> _WHAT NEEDS TO BE DONE_: Would you set down the data that follows, word for word, without any pictures?

> _DATASET CONTENT_:

****

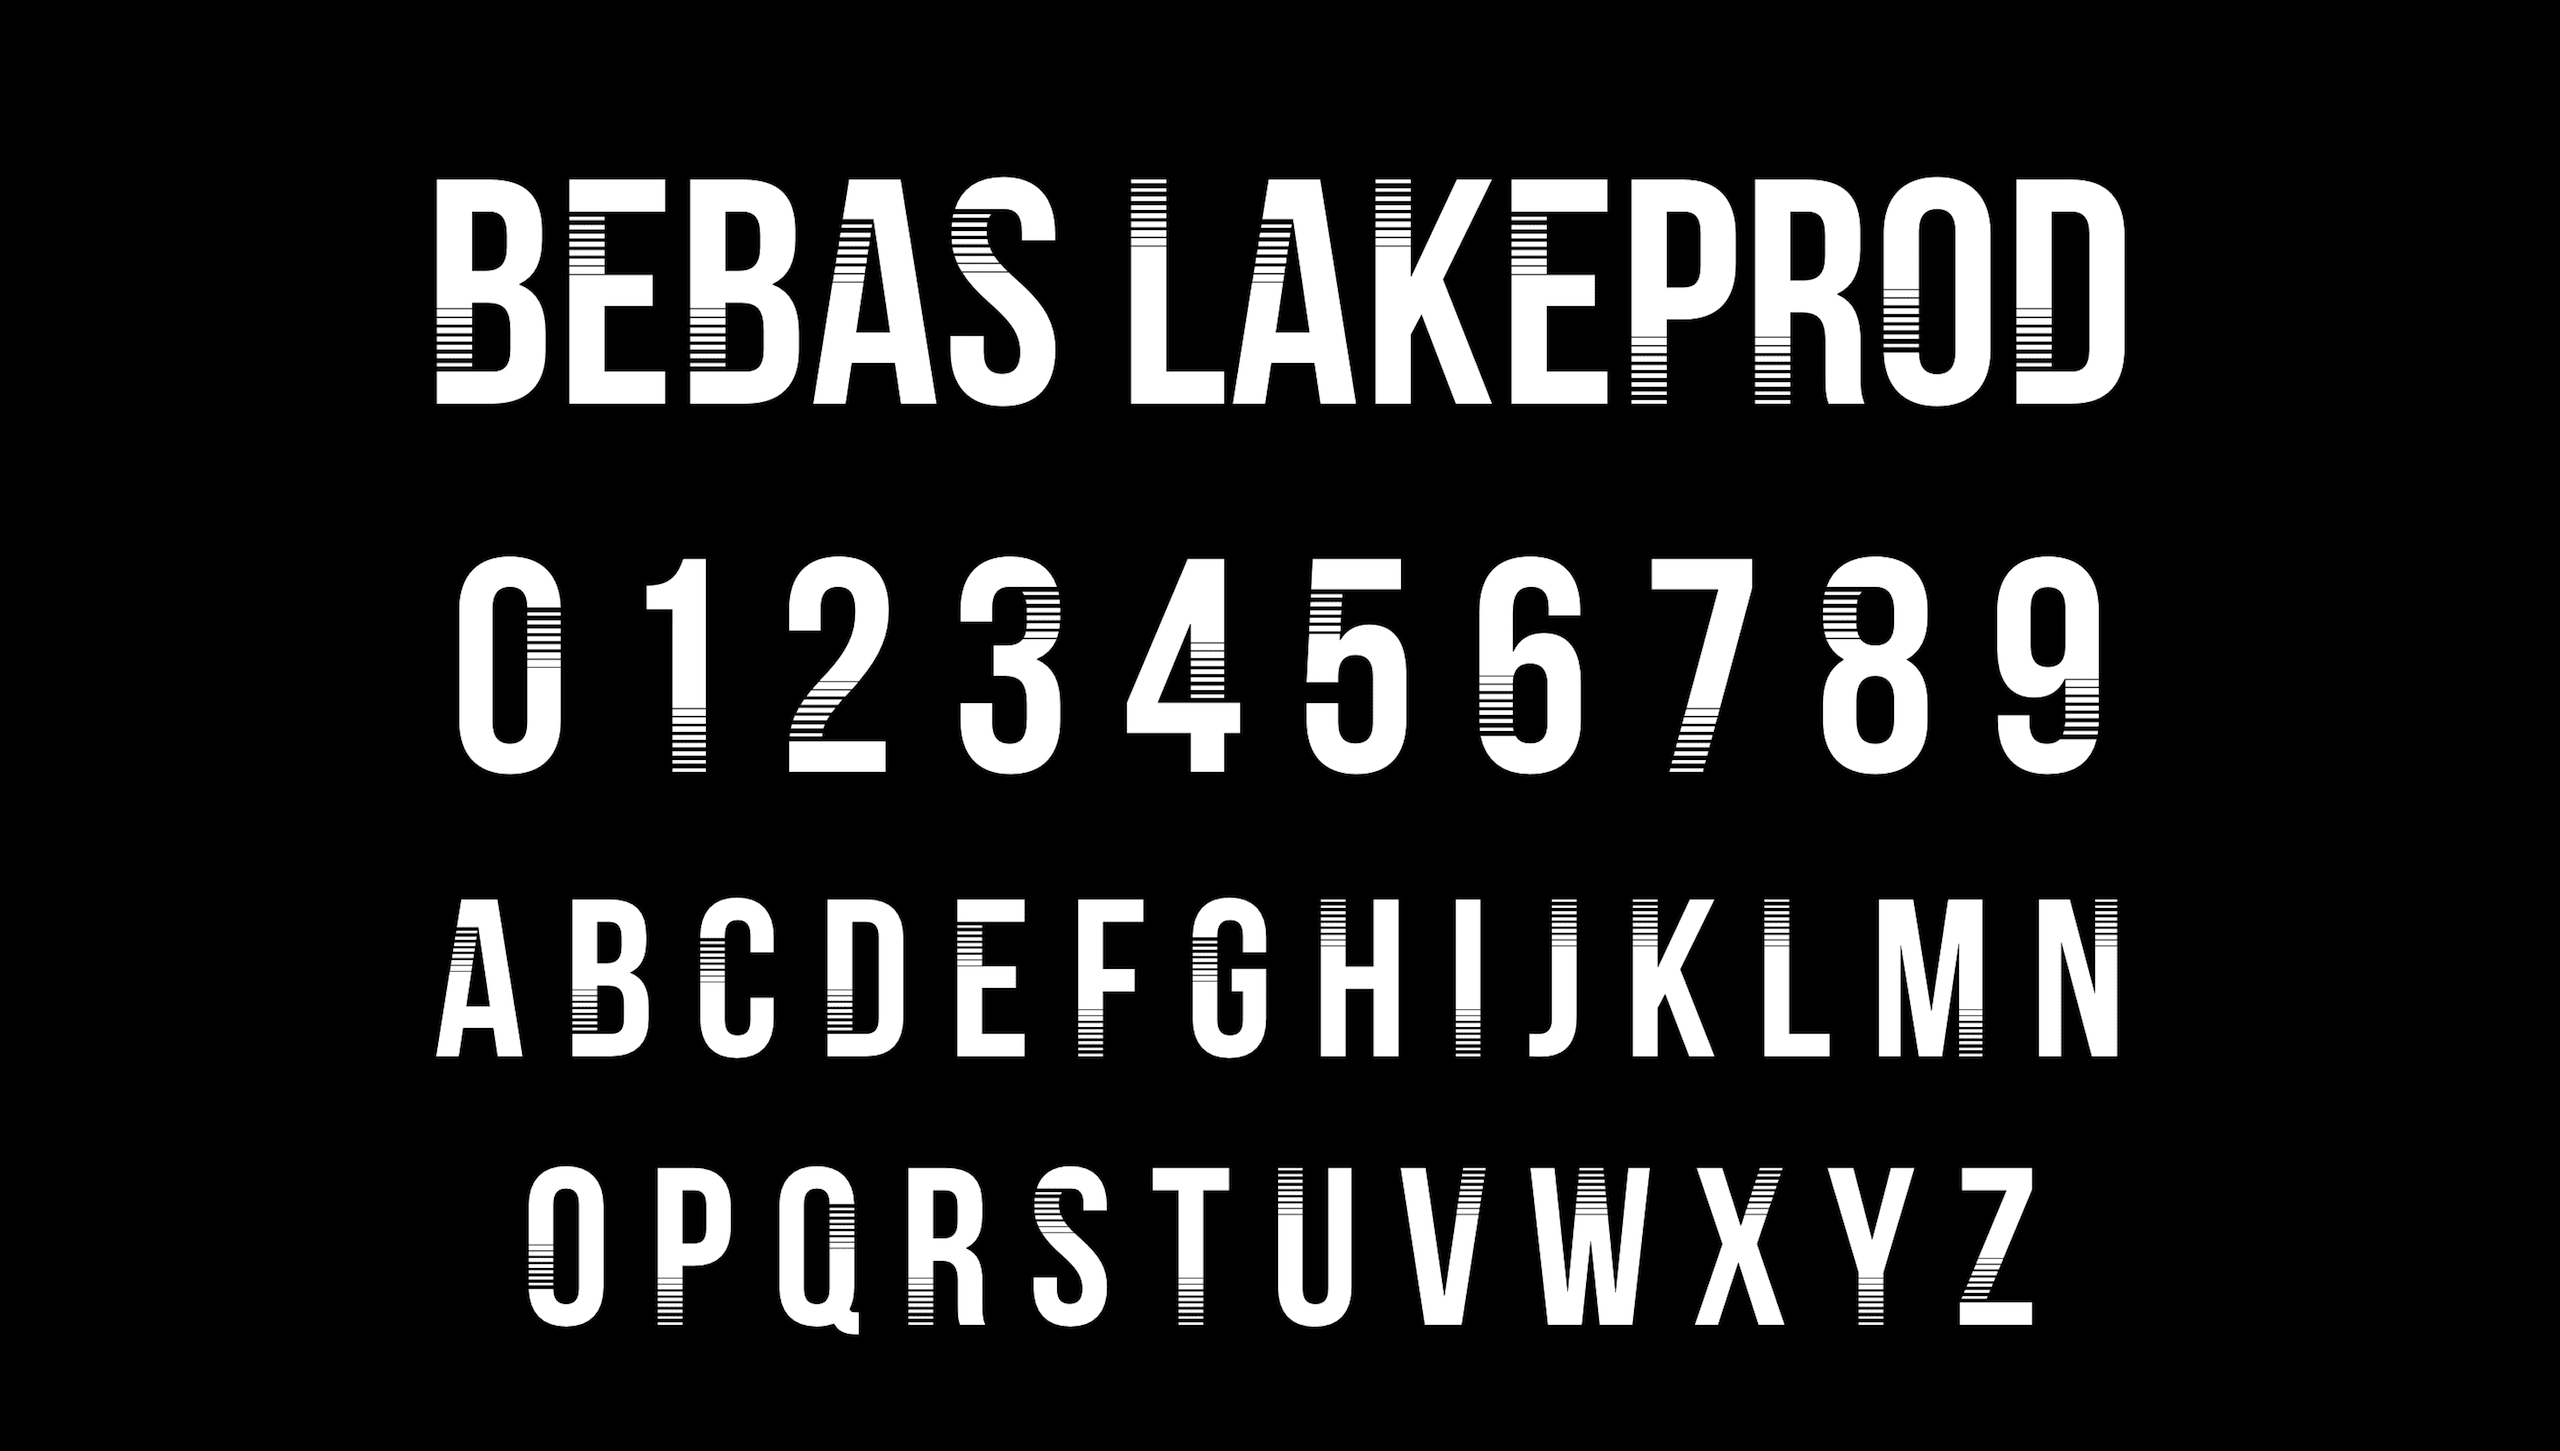 Habefast Study Case Lakeprod Typography Banner
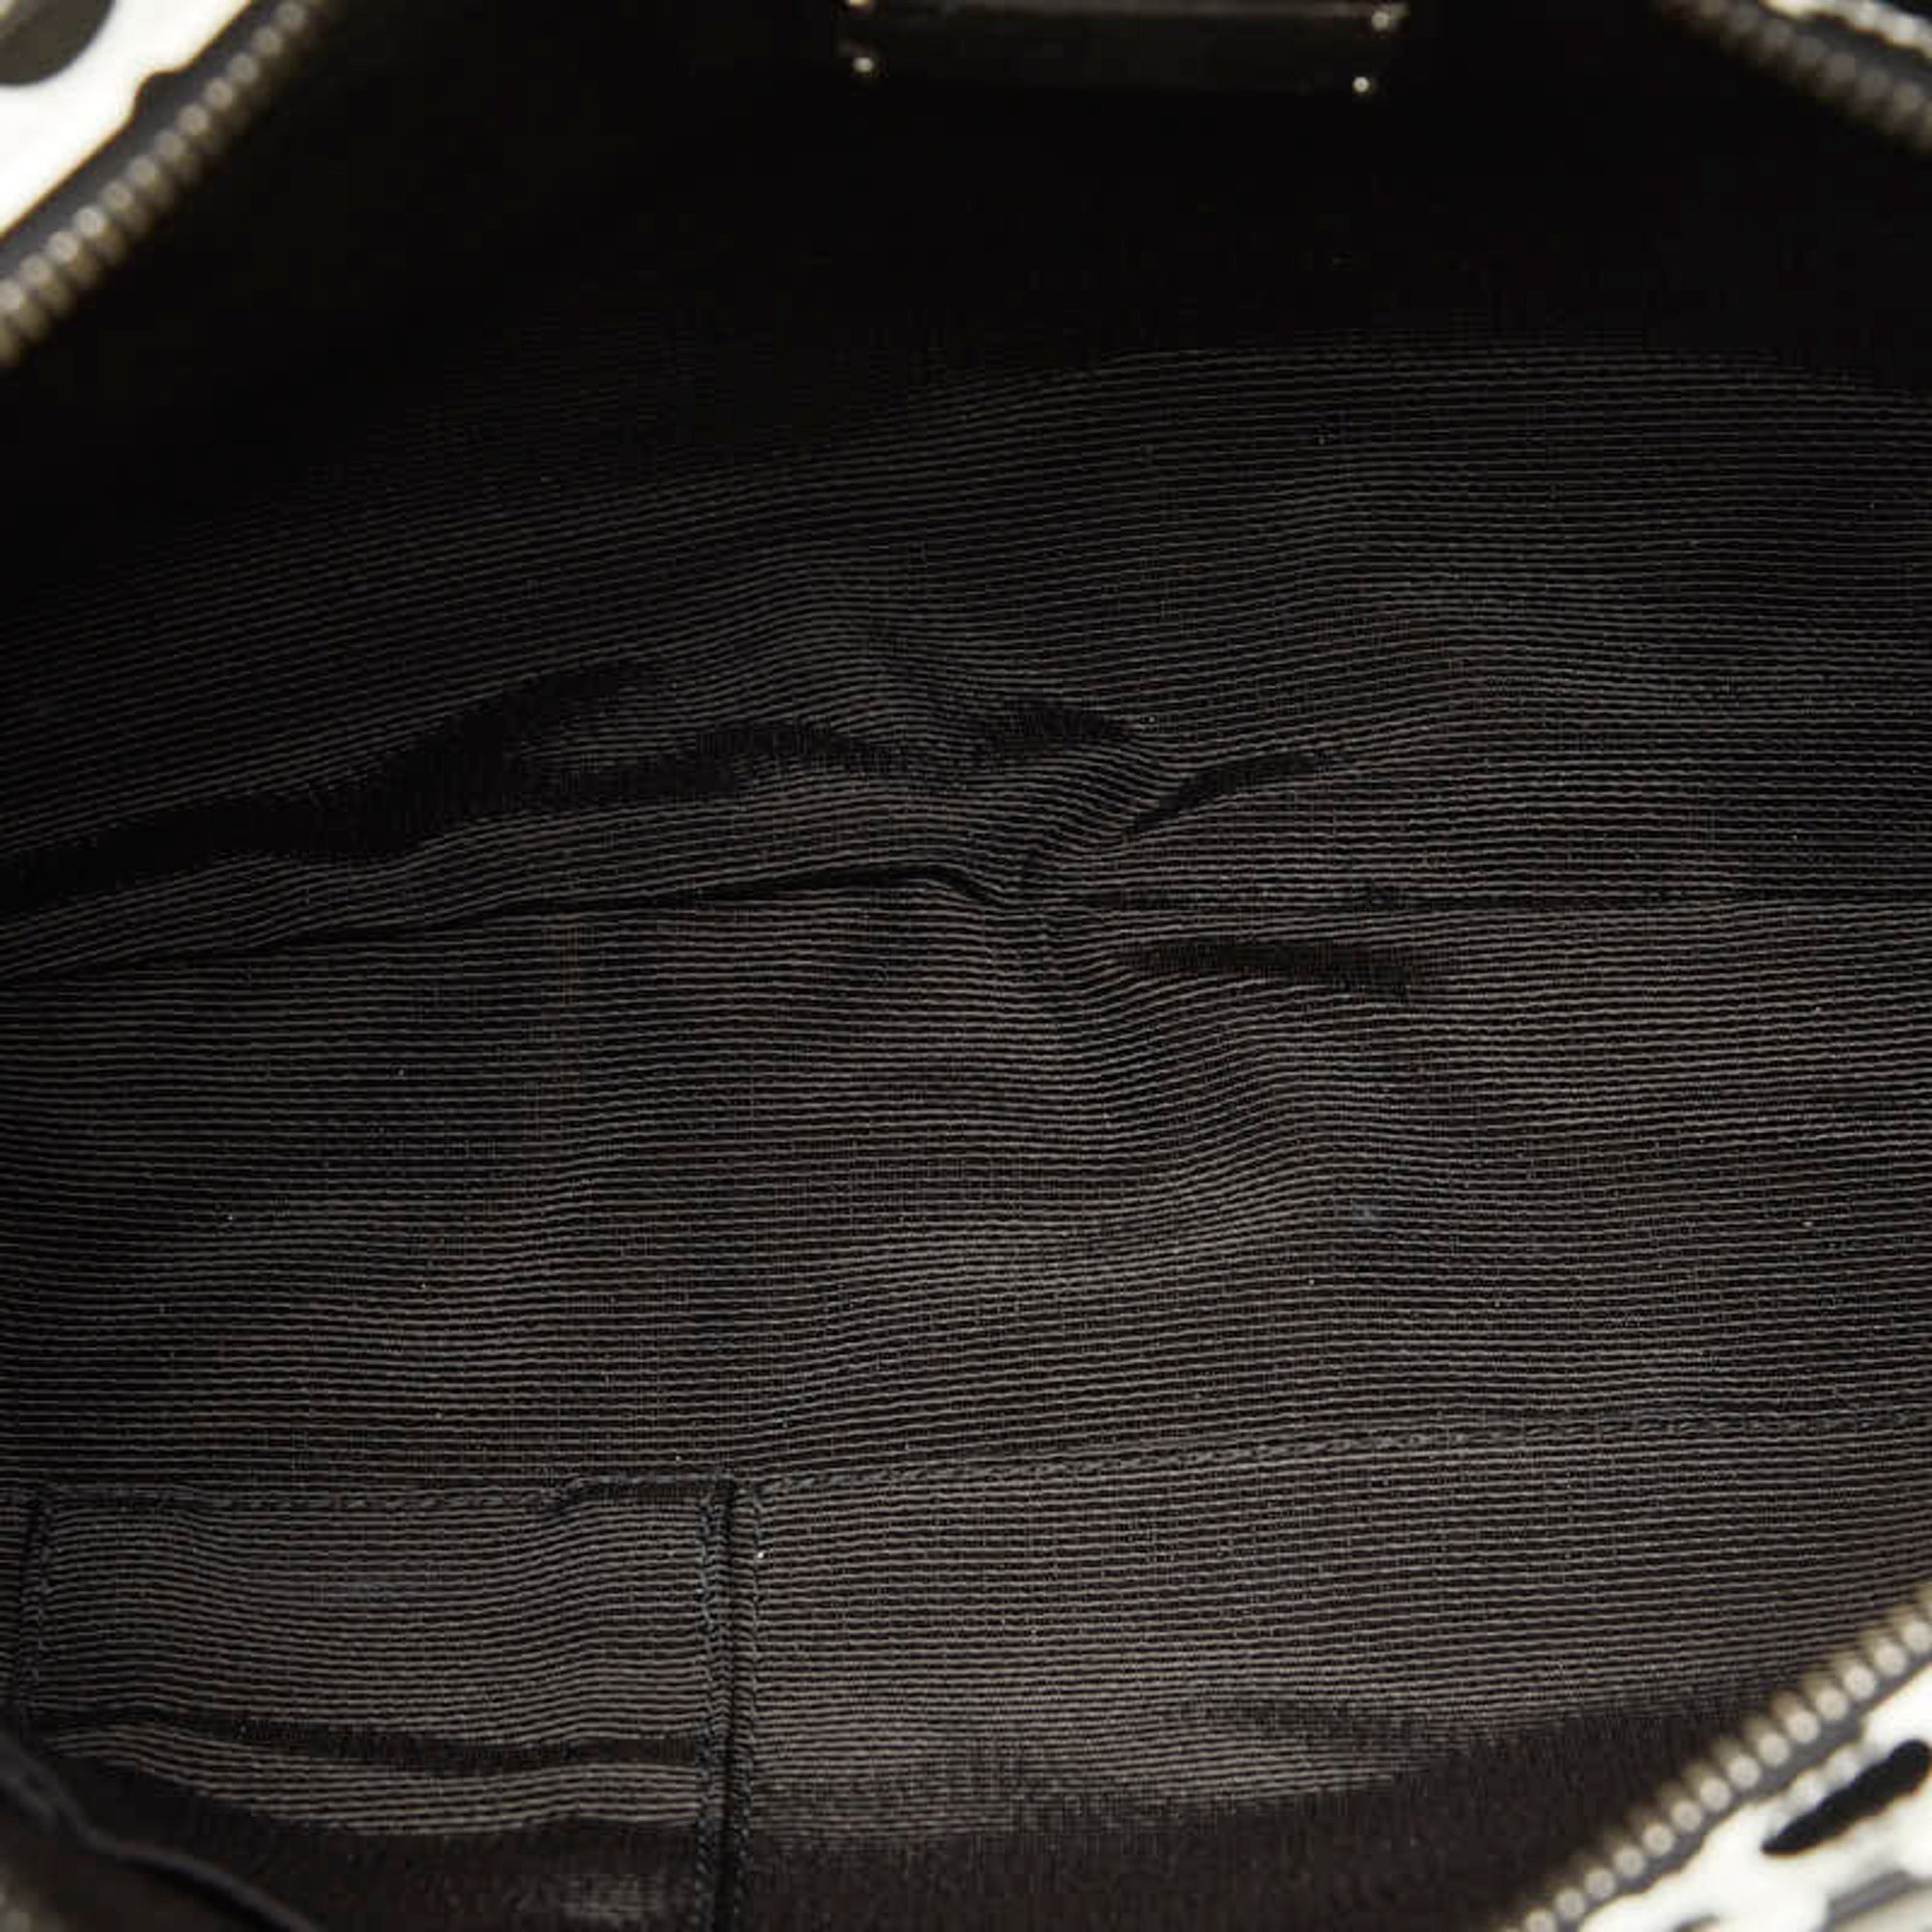 Salvatore Ferragamo x Yayoi Kusama Marissa Handbag AB-2139 Black White Leather Women's
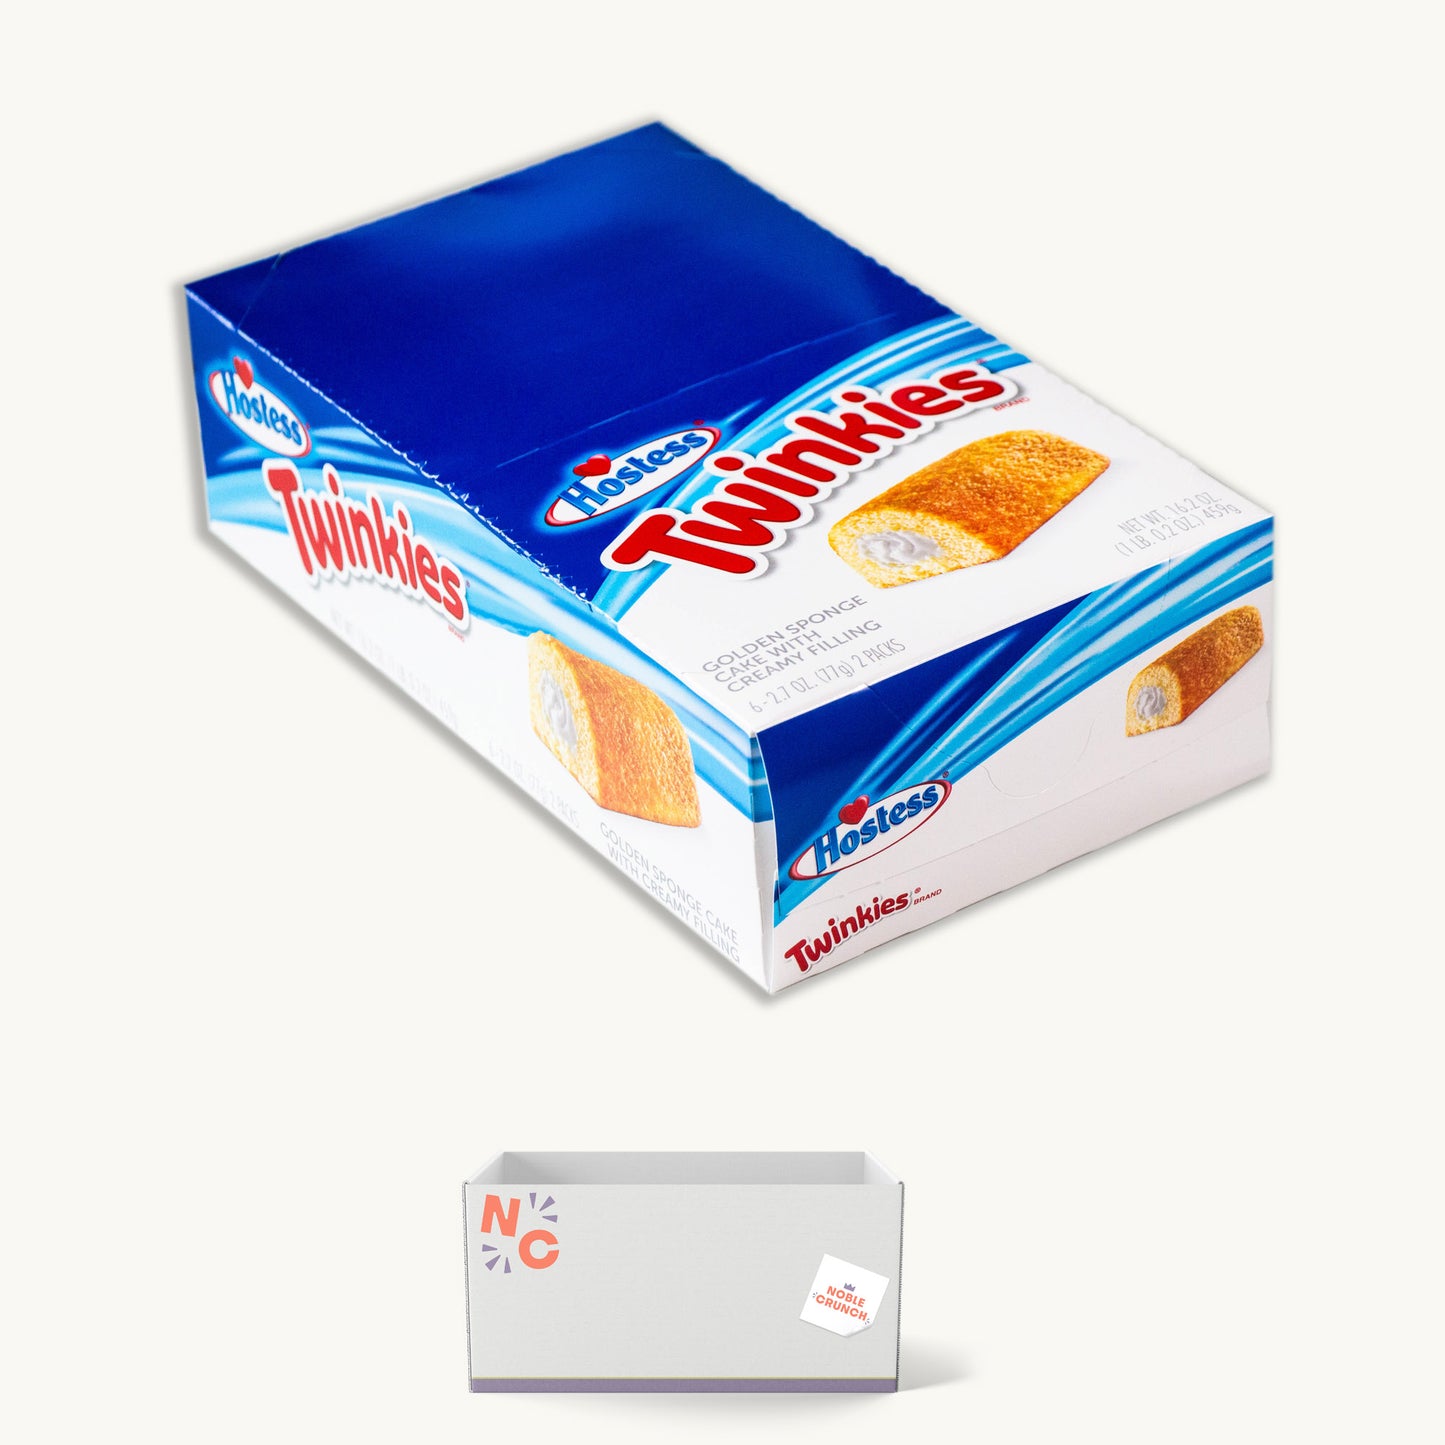 Hostess Twinkies Single Serve 18ct - Coconut Macaroons 2ct

****

> _ANSWER SPACE_:
 Habefast Study Case Lakeprod Typography Banner
 Salvatore Ferragamo x Yayoi Kusama Marissa Handbag AB-2139 Black White Leather Women's
 Hostess Twinkies Single Serve 18ct - Coconut Macaroons 2ct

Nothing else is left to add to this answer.